Genes associated with diseases in OGGs of Chr 22 are CLTCL1, DVL1L1, COMT, SERPIND1, RTDR1, SMARCB1, SEZ6L, CHEK2, LIF, ZNF278 (MAZR), YWHAH, TIMP3, and MKL1.

*

Partial gene.

OGG loci may be susceptible to genomic rearrangements, as occurs with the loci of the DiGeorge syndrome (DGS) region of Chr 22. Such rearrangements may be mediated by recombination events based on region-specific low copy repeats. The DGS region of 22q11.2 is particularly rich with segmental duplications, which can induce deletions, translocations, and genomic instability (4). There are several anomalous sequence features associated with OGGs, including Alu sequences intersecting exons, pseudogenes occupying introns, and single-exon (intronless) genes that often result from a processed multiexon gene.

At least 28 genes in Chr 21 are related to diseases, as characterized in the GeneCards database (5), as are 64 genes in Chr 22. Specific disorders that have been mapped to genes on Chr 21 and that involve OGG structures include: amyotrophic lateral sclerosis (ALS, Lou Gehrig's disease), linked to the GRIK1 ionotrophic kainate 1 glutamate receptor gene at 21q22 (6, 7); homocystinuria, a metabolic disorder linked to the cystathionine beta-synthase (CBS) gene (8); genes of the Down's Syndrome Critical Region (DSCR) (9–11); and the gene for amyloid beta (A4) precursor protein (APP) at location 21q21, associated with Alzheimer's disease (12).
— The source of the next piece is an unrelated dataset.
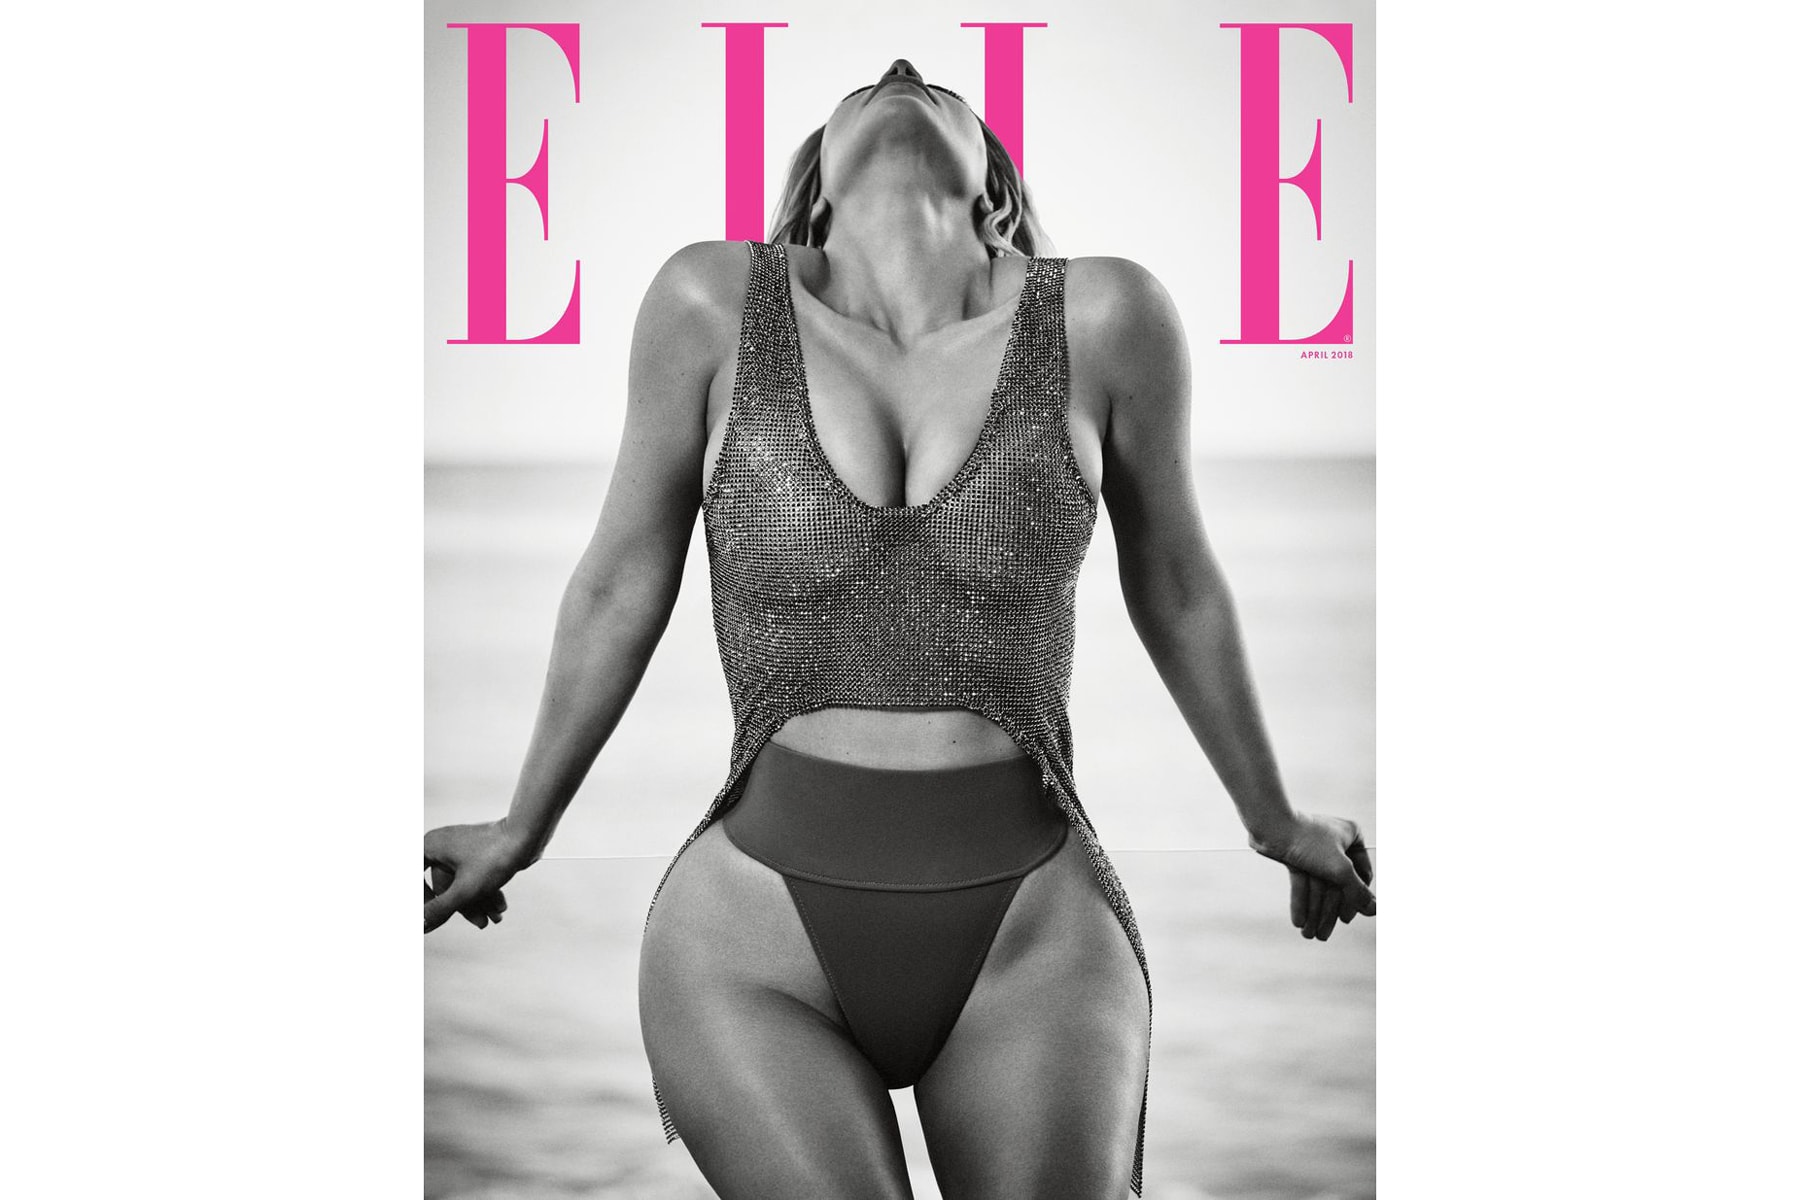 Kim Kardashian West Elle Magazine cover April 2018 cover issue magazine interview feature
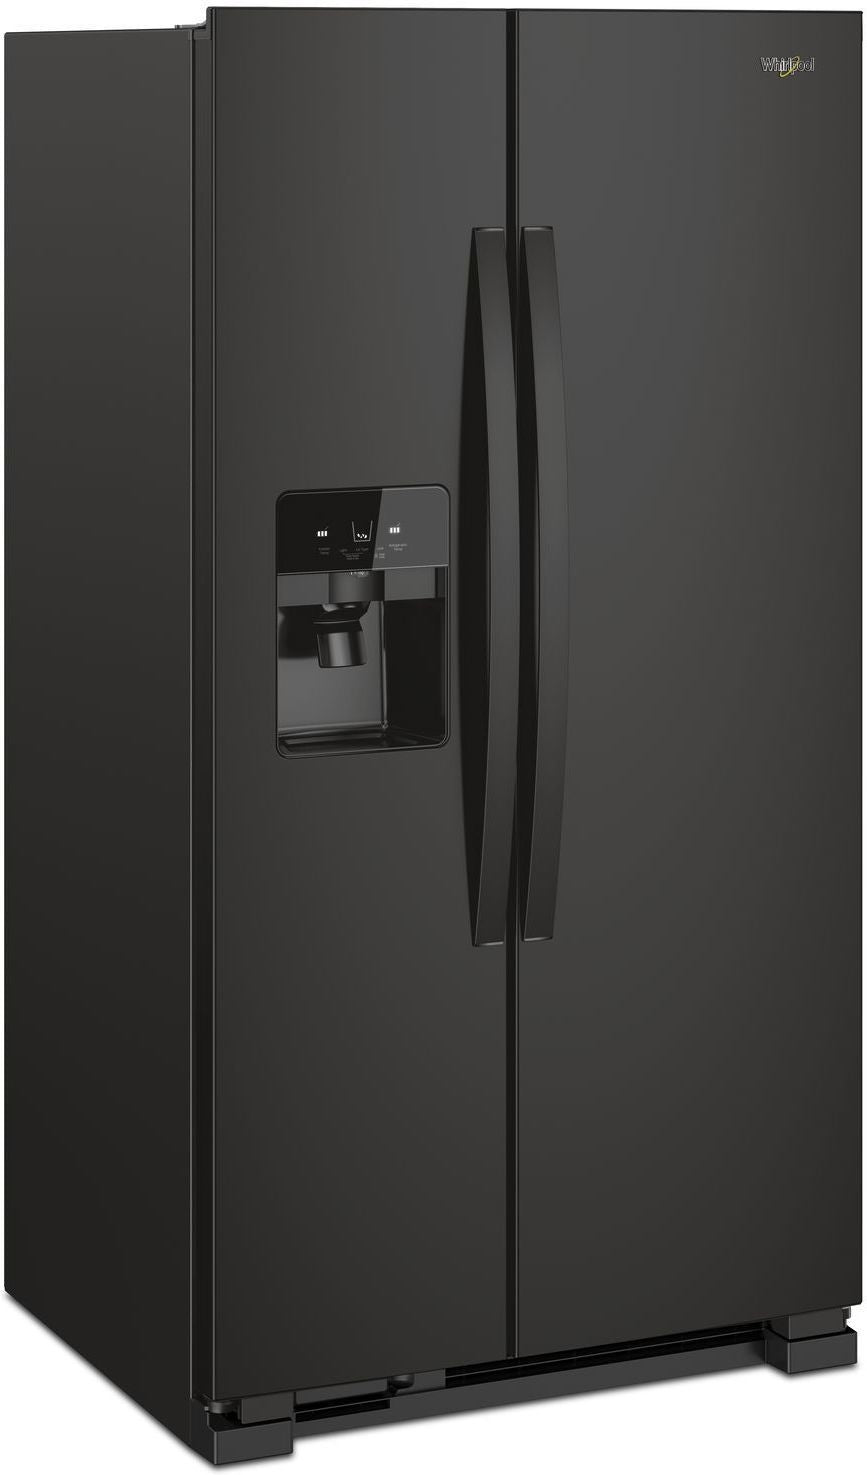 Whirlpool Black Side-by-Side Refrigerator (25 Cu. Ft.) - WRS325SDHB

We illustrate examples of OGGs in Fig. 1. The overlapping structure of the GRIK1 gene is shown in the first example: ORF41 (two exons) and ORF9 (two exons) overlap GRIK1 (17 exons) in the intron between exons 8 and 9, and in the intron between exons 1 and 2, respectively. There is some overlap between the first exon of ORF41 and exon 8 of GRIK1. The GRIK1 (GLUR5) locus at 21q 22.1 (13) coincides with the localization of the mutant gene causing ALS. The structure and function of the glutamate receptor subunits GLUR2, GLUR5, and GLUR6 are altered by RNA editing, converting the codon CAG (coding for glutamine) to the codon CGG (arginine), which may be important in controlling the rate of calcium flux in different states of the brain (13). Another prominent example in Chr 21 is the overlap between the genes CBS and PKNOX1. All 14 exons of the 30-kb-long CBS gene are located in the last intron of the gene for the homeobox protein PKNOX1 (11 exons). The gene U2AF1 (eight exons) is situated 5′ to the CBS gene in the same long intron of PKNOX1. The metabolic disorder homocystinuria is due to cystathionine beta-synthase deficiency and manifests as disorders of the eyes, central nervous system, skeletal systems, and vascular systems. The exons of overlapping genes tend to lie within large introns, usually the boundary (first or last) introns of another gene structure.

Fig 1.

Fig 1.

Examples of OGGs in Chrs 21 and 22.

In Chr 22, two OGGs are associated with genes of the DGS region: CLTCL1/DVL1L1 (clathrin heavy polypeptide-like 1/human homolog to the 3′ end of Drosophila dishevelled segment-polarity gene) and TR/COMT (thioredoxin reductase beta/catechol-O-methyltransferase) (14, 15). DGS is related to one or more large deletions from Chr 22 apparently generated by recombination at meiosis. The 22q11 region of Chr 22 is susceptible to rearrangements associated with several genetic disorders and malignant tumors. These include the cat eye syndrome (CES), part of the velocardiofacial syndrome (VCFS), DGS, and the der(22) chromosomal translocation (16). Many VCFS/DGS patients have a similar 3-Mb deletion and some have sporadically dispersed short deletions or translocations. DGS apparently results from haplo-insufficiency effects, and, in particular, the transcription factor Tbox-1 gene (TBX1) has been documented as one major contributing factor in congenital heart defects (4). How the observed OGG contributes to any DGS-related phenotype is unknown. In general, as in most gene deletion syndromes, a large majority of patients with DGS and Smith-Magenis syndrome have a common deletion interval, which may reflect meiotic unequal crossing-over mediated by flanking low copy number repeats. However, although patients with these conditions have almost identical deletions, there is substantial clinical variability. Galili et al. (14) verified synteny between a 150-kb region on mouse Chr 16 and the portion of 22q11 most commonly deleted in DGS.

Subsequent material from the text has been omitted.